The Problem: Optimal ApplicativeDo is Too Slow
GHC has a flag -foptimal-applicative-do that produces the best possible scheduling of independent statements in do notation. It's off by default because the algorithm is O(n³). A 1000-statement block takes 55 seconds to compile with the optimal flag, vs under 2 seconds with the default greedy heuristic.
Ian Duncan set out to fix this. The core problem: given a sequence of statements with dependencies, find the tree of Seq (sequential) and Par (parallel) combinators that minimizes the number of rounds (sequential depth). This is a dynamic programming problem over spans [i,j], with O(n²) spans and O(n) split points each, yielding O(n³).
The Insight: Borrow from RNA Folding
The recurrence for optimal cost is identical to Nussinov's algorithm for RNA secondary structure prediction. In RNA, bases pair to minimize free energy; in ApplicativeDo, statements group to minimize rounds. Both use the same triangular table and combine-over-split-point logic.

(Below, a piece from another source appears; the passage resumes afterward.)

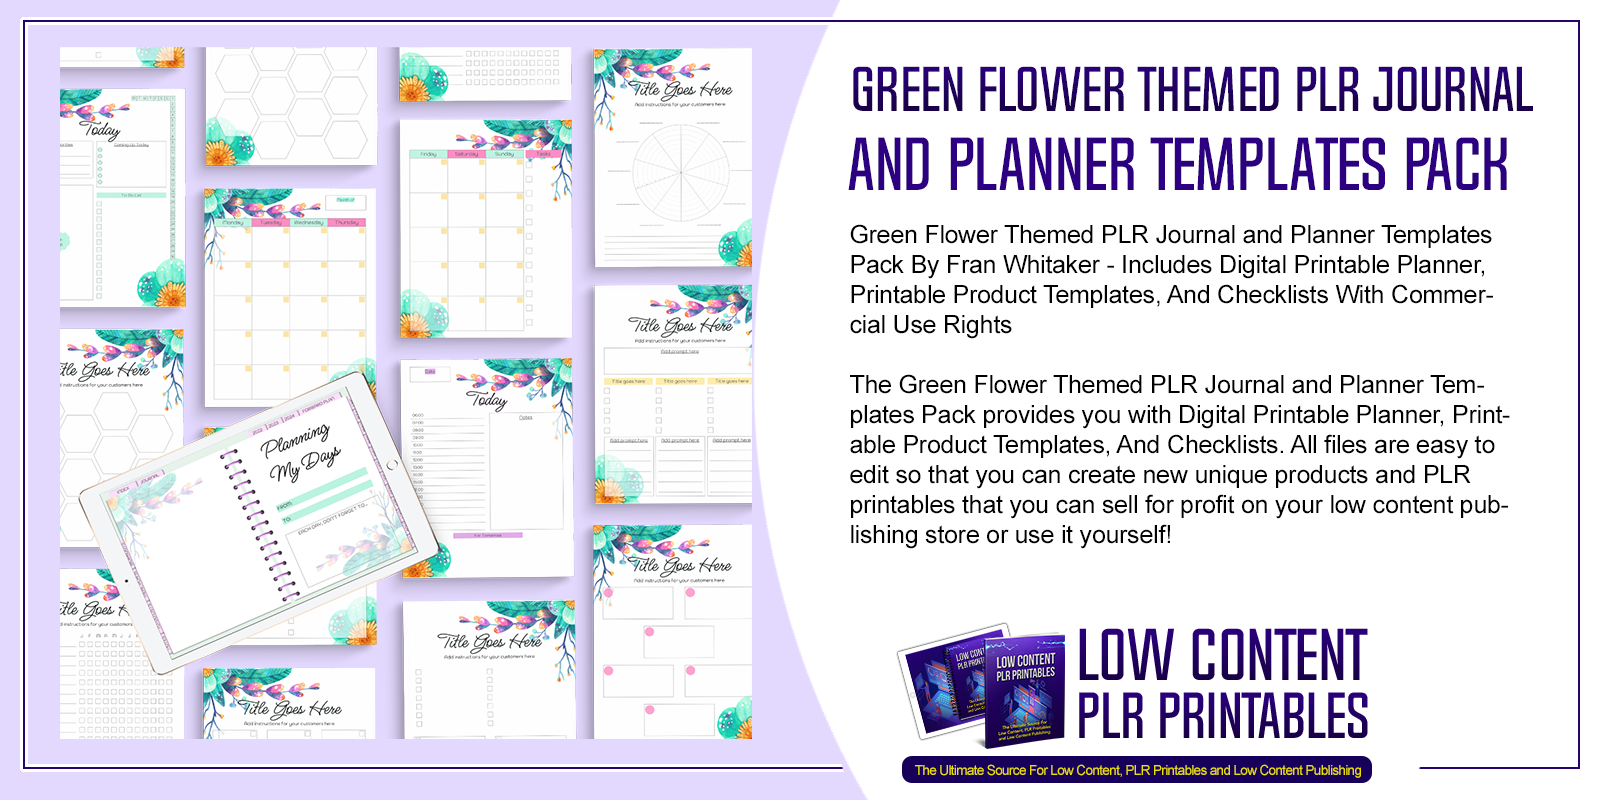 Green Flower Themed PLR Journal and Planner Templates Pack 2
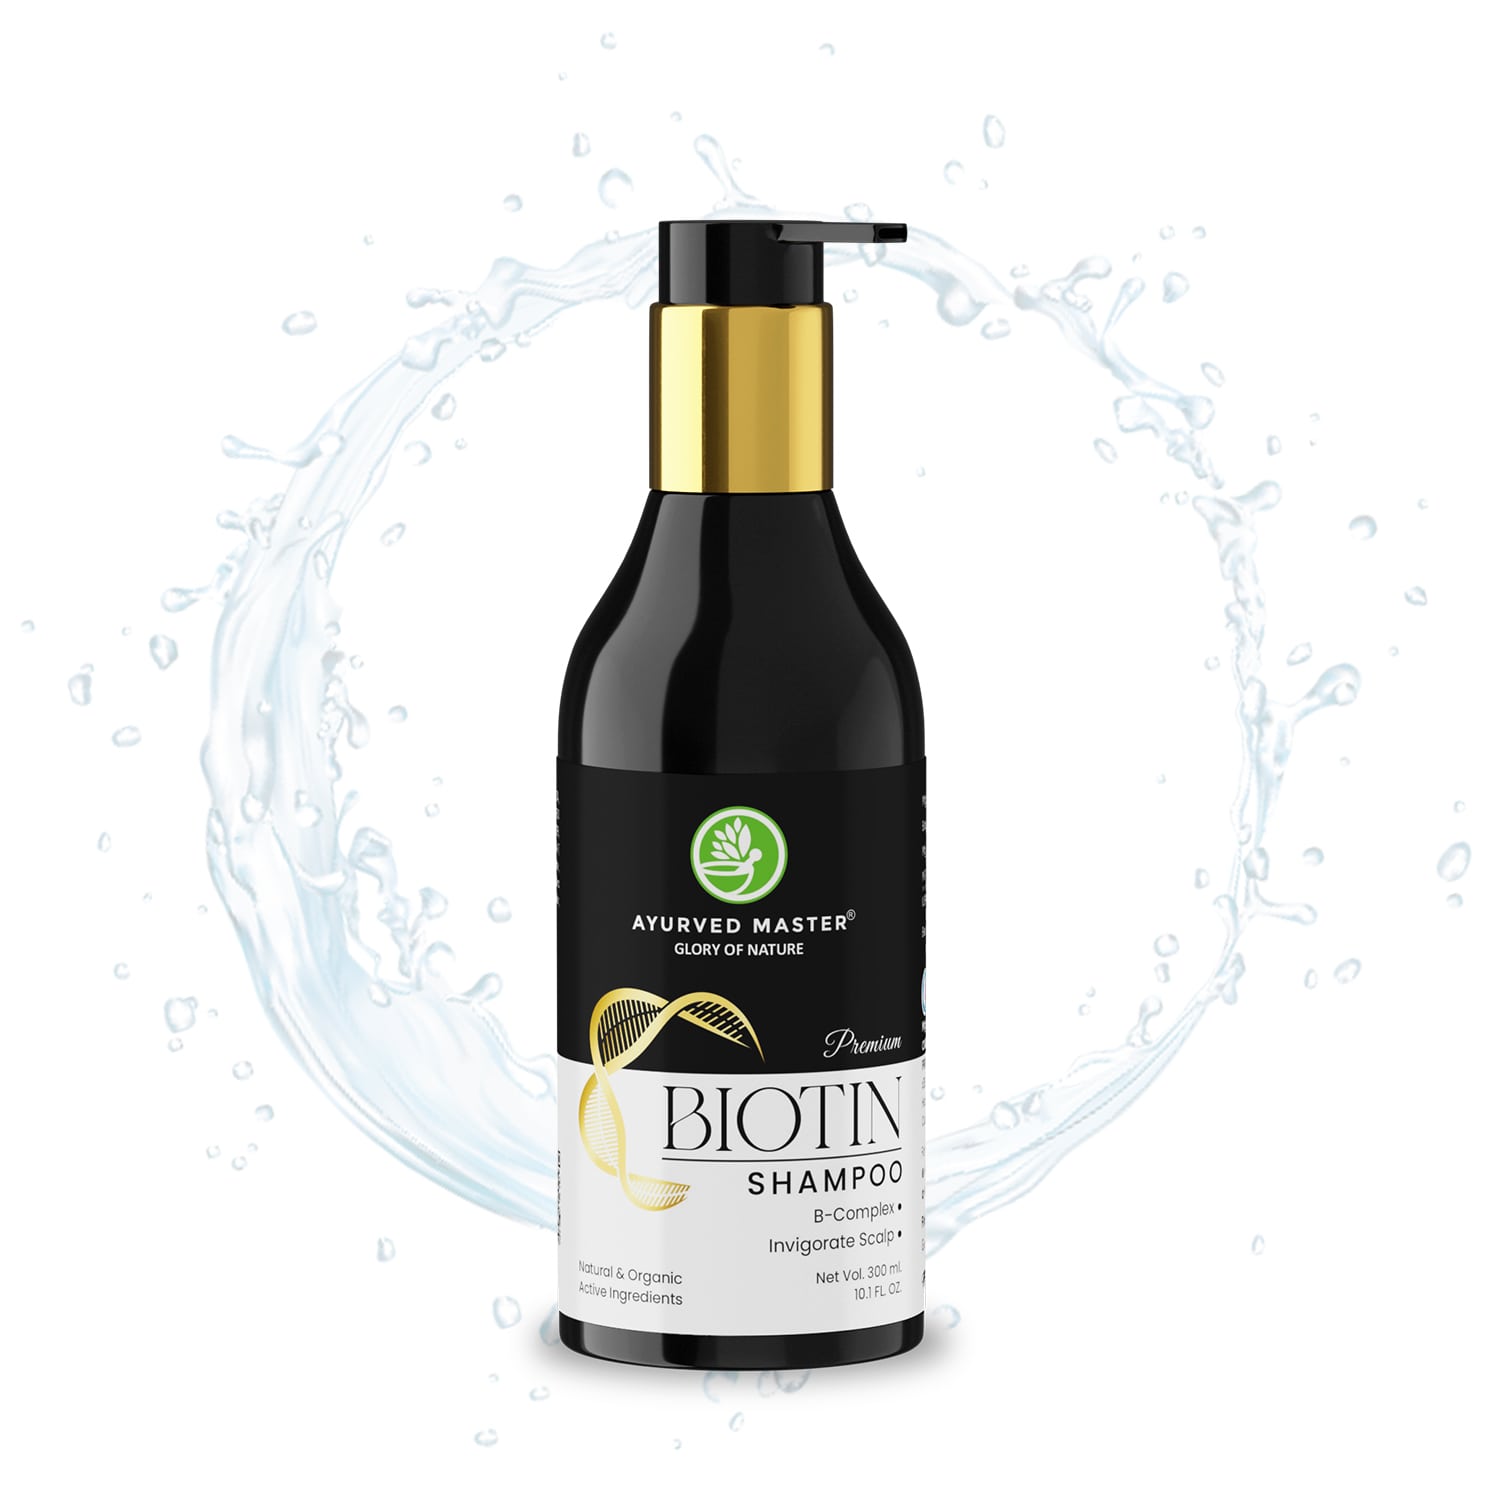 Ayurved Master Premium Biotin Radiance Renewal Shampoo with Vitamin B-complex & invigorate Scalp

Duncan realized that for "tangled" spans (where no parallel grouping is possible), the optimal split must be at one of the two extremes: peel off the first statement or the last. This is because the cost function is monotonic — adding statements only increases cost. So any interior split would sum two larger sub-costs, which can't be cheaper than peeling a single statement. The only exception is when both extremes tie, requiring further search.
The Optimization: Bounding with Longest Chain
When a tie occurs, the optimal cost is either c or c+1. If the longest chain through the span equals c+1, the lower bound meets the upper bound, and the search terminates immediately. For a pure chain of dependencies, every span ties, but the longest chain equals its length, which is always c+1. So the algorithm performs a single check per span instead of O(n) splits.
Combined with the paper's existing optimizations (extreme-cut shortcut for non-tied spans), the total cut evaluations drop dramatically:
- 100-chain: 166,650 naive → 4,950 optimized
- 100 realistic: 4,544 → 1,426
- 200 realistic: 47,471 → 3,583
The trees produced are identical to the naive optimal — same schedule, less work.
Residual Worst Case
Not all inputs benefit. A "hub" pattern (every statement feeds one final sink) still requires full O(n³) because every span ties with longest chain = 2, never closing the bound. Such shapes are rare in real code. For those, Duncan suggests a follow-up algorithm (not detailed here).
Practical Impact
This optimization makes -foptimal-applicative-do viable for everyday use. Developers using Haxl or other batching monads can now write plain do notation without worrying about manual <$> and <*> refactoring, and get optimal parallelism without 55-second compile times.
The patch is not yet merged into GHC; Duncan is working on it. But the technique — borrowing DP from computational biology — is a neat example of cross-domain algorithm transfer.
Code Example
Consider a block with two independent fetches:
numCommonFriends x y = do
fx <- friendsOf x
fy <- friendsOf y
return (length (intersect fx fy))
With -foptimal-applicative-do, GHC desugars this to:
(\fx fy -> length (intersect fx fy)) <$> friendsOf x <*> friendsOf y
Instead of the sequential:
friendsOf x >>= \fx -> friendsOf y >>= \fy -> return (length (intersect fx fy))
This reduces two network round-trips to one.